Some say that this was the end of the Sirens, for it had been predicted that they would die when a ship passed them unharmed.

Scylla and Charybdis.
In sailing past the cliff of Scylla, she snatched some of his comrades, and gobbled them up. When the ship broke up, Odysseus clung to the mast and drifted to Charybdis. But when Charybdis sucked down the mast, he was saved by clinging to a fig-tree that grew over the whirlpool. There he waited until he saw the mast drifting again, and he cast himself on it, and was carried away.

Refuses immortality
So he came to the island where Calypso 3 lived. This goddess kept Odysseus imprisoned in her cave for seven years and offered him immortality but he refused wishing above all to come back home to Ithaca and Penelope.

Meets Nausicaa in Phaeacian beach
But when Hermes, sent by Zeus, ordered Calypso to let Odysseus go he made a raft and sailed away until he was washed up naked on the shore of the Phaeacians, where Nausicaa, the daughter of King Alcinous, was washing the clothes. When Odysseus begged her protection, she brought him to the king, who entertained him, and sent him away with a convoy to Ithaca, after having heard Odysseus' account of the stories we are now reading.

While Penelope weaves her suitors feast at Odysseus' expense
But on arriving to Ithaca, twenty years after his departure, Odysseus found his property and land wasted, because, believing that he was dead, many suitors wished to marry Penelope and, living in the palace of Odysseus, consumed his herds at their feasts during his absence.

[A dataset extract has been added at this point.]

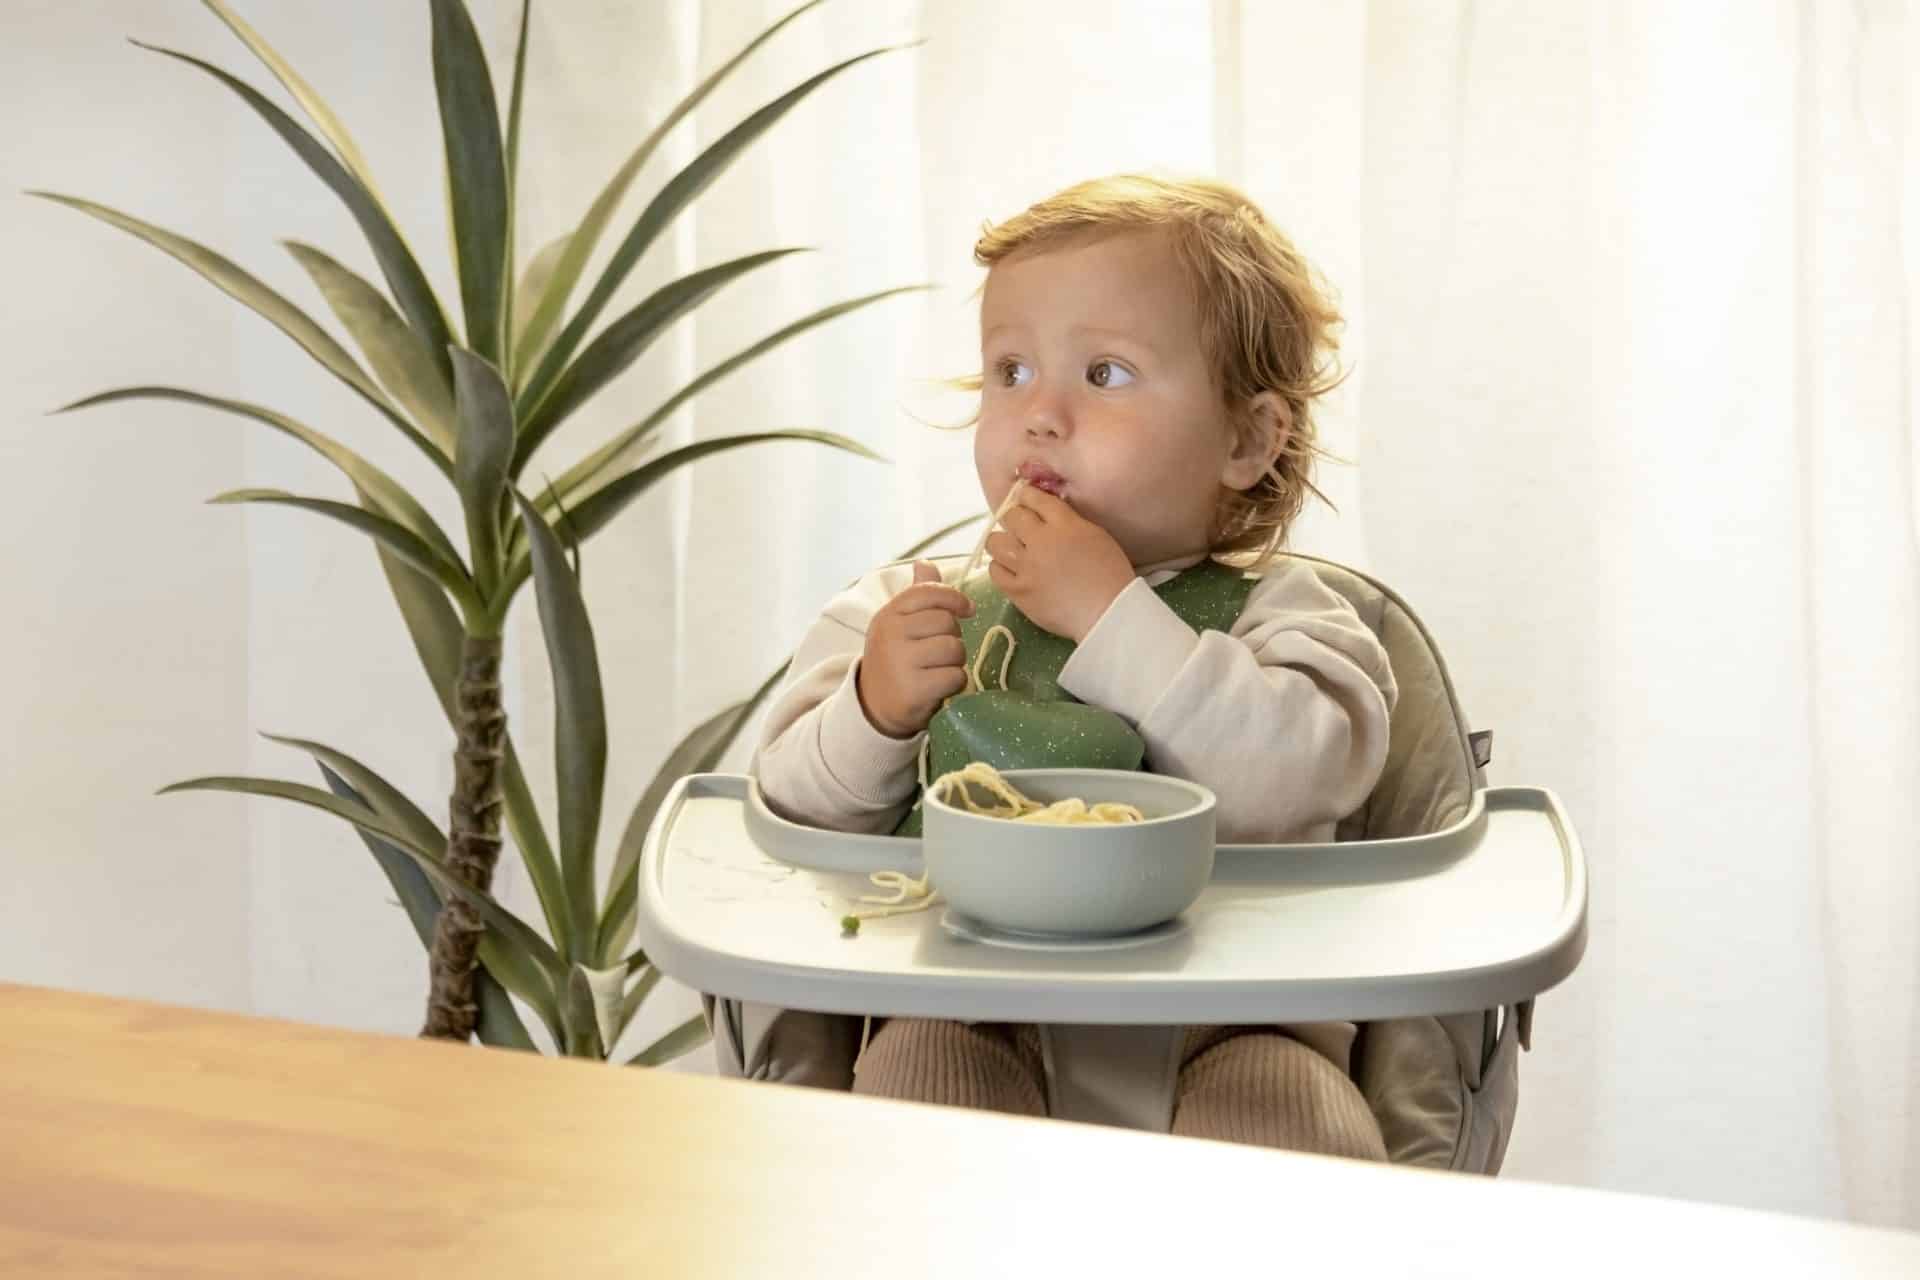 How to choose infant drool bibs and baby mealtime bibs

Waiting for Odysseus, Penelope was compelled to promise to her suitors that she would wed when the shroud of Laertes was finished. But she wove it for three years, weaving it by day and undoing it by night.

 

The suitors shot with the Bow
The SUITORS OF PENELOPE were almost one hundred, but somehow Odysseus managed to kill them all with his bow.

This bow had Prince Eurytus of Oechalia received from Apollo, and when his son Iphitus met Odysseus, he gave him the bow, which he had received from his father. This bow Odysseus, when going to war, would never take with him, but let it lay at home.

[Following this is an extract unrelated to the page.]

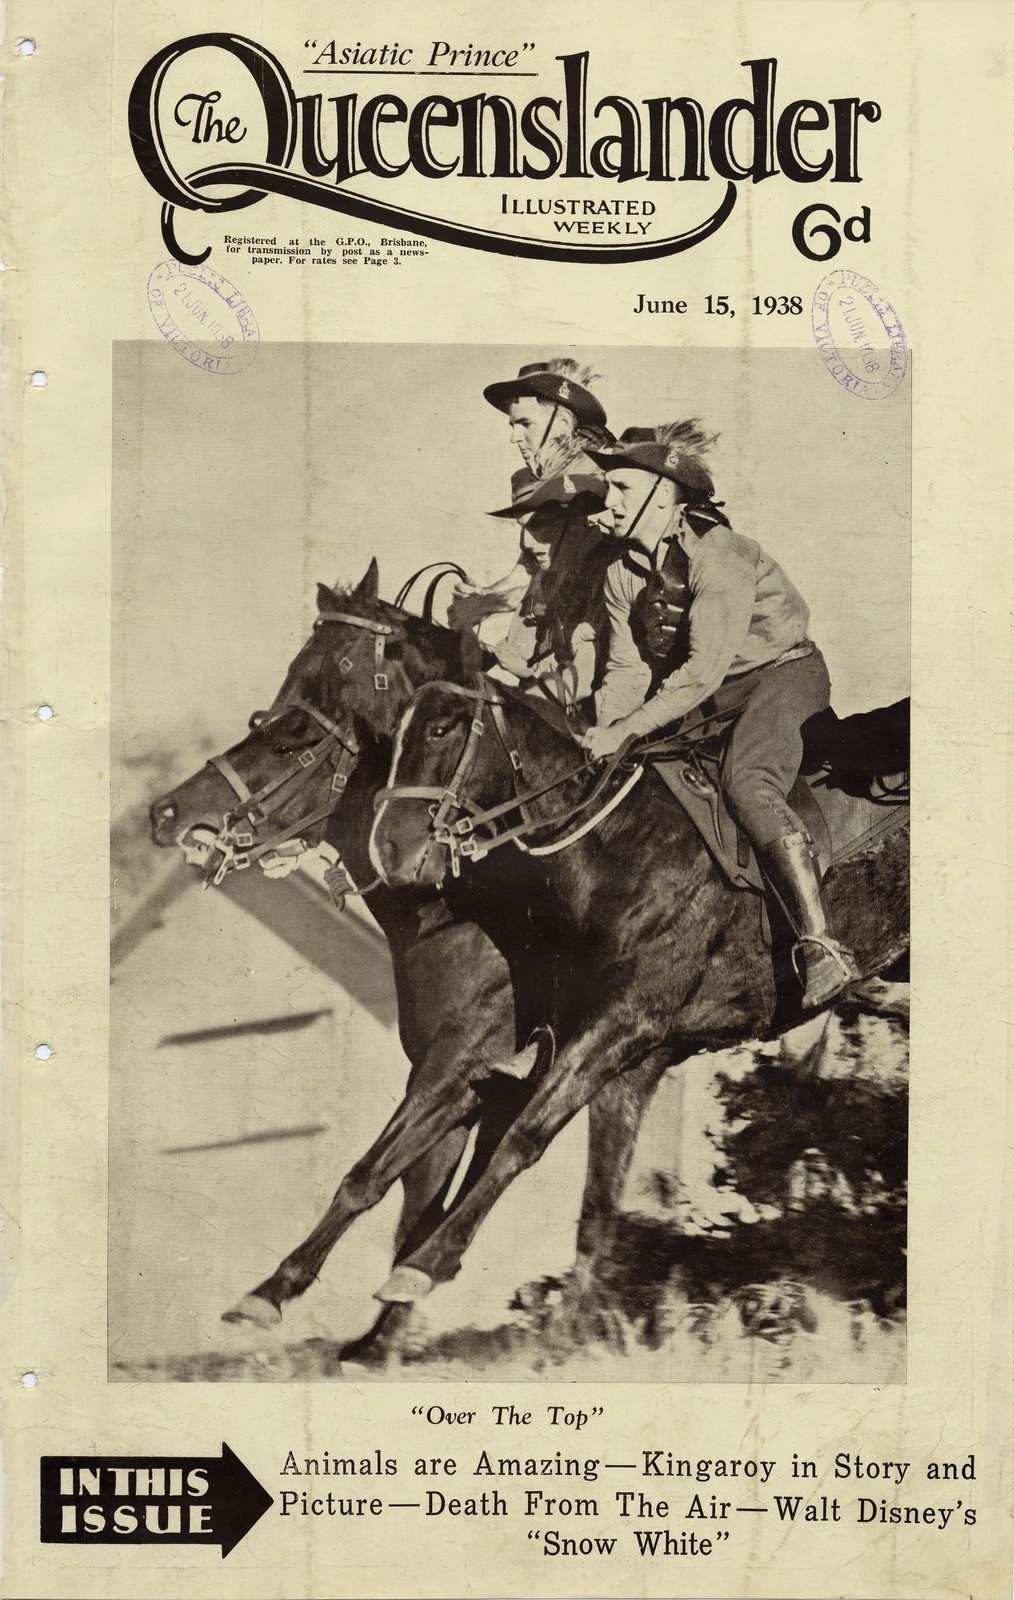 Illustrated front cover from The Queenslander June 151938

Penelope delivered to her suitors the bow of Odysseus, and she said that she would marry him who bent the bow. And when none of them could bend it, Odysseus took it and shot down the suitors, being helped by his son Telemachus, Emaeus and Philoetius.

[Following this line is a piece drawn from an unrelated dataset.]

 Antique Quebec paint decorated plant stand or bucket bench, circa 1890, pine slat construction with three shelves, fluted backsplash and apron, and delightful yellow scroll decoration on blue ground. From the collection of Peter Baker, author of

Emaeus was Odysseus' servant and swineherd. On his arrival to Ithaca Odysseus came to him in the guise of a beggar and learned from him the state of affairs in his home. Philoetius, who also helped to kill the suitors, was a master-herdman in Ithaca.

Found to have gone too far
Because of this massacre Odysseus was accused by the kinfolk of the slain suitors, and then he submitted the case to the judgment of King Neoptolemus of Epirus, who condemned him to exile. Some suppose Neoptolemus judged in this way because he wanted to get possession of the island of Cephallenia.

After killing the SUITORS OF PENELOPE Odysseus went to Thesprotia in Epirus and there offered a sacrifice following the instructions he received in the Underworld from Tiresias. It is also told that Callidice , Queen of the Thesprotians, urged him to stay as king. Odysseus married Callidice and had by her a son Polypoetes, to whom he gave the kingdom when he returned to Ithaca.

Others say that Odysseus went to Aetolia and there he married the daughter of Thoas (King of Pleuron and Calydon who had been the leader of the Aetolians against Troy), and had by her a son Leontophonus.

Death at last
When Telegonus learned from his mother Circe that he was a son of Odysseus, he sailed in search of him. And having come to Ithaca, he drove away some of the cattle, and when Odysseus defended them, Telegonus wounded him with the spear he had in his hands, which was barbed with the spine of a stingray, and Odysseus died of the wound. And when Telegonus recognised him, he bitterly lamented.

But some say Odysseus died in old age.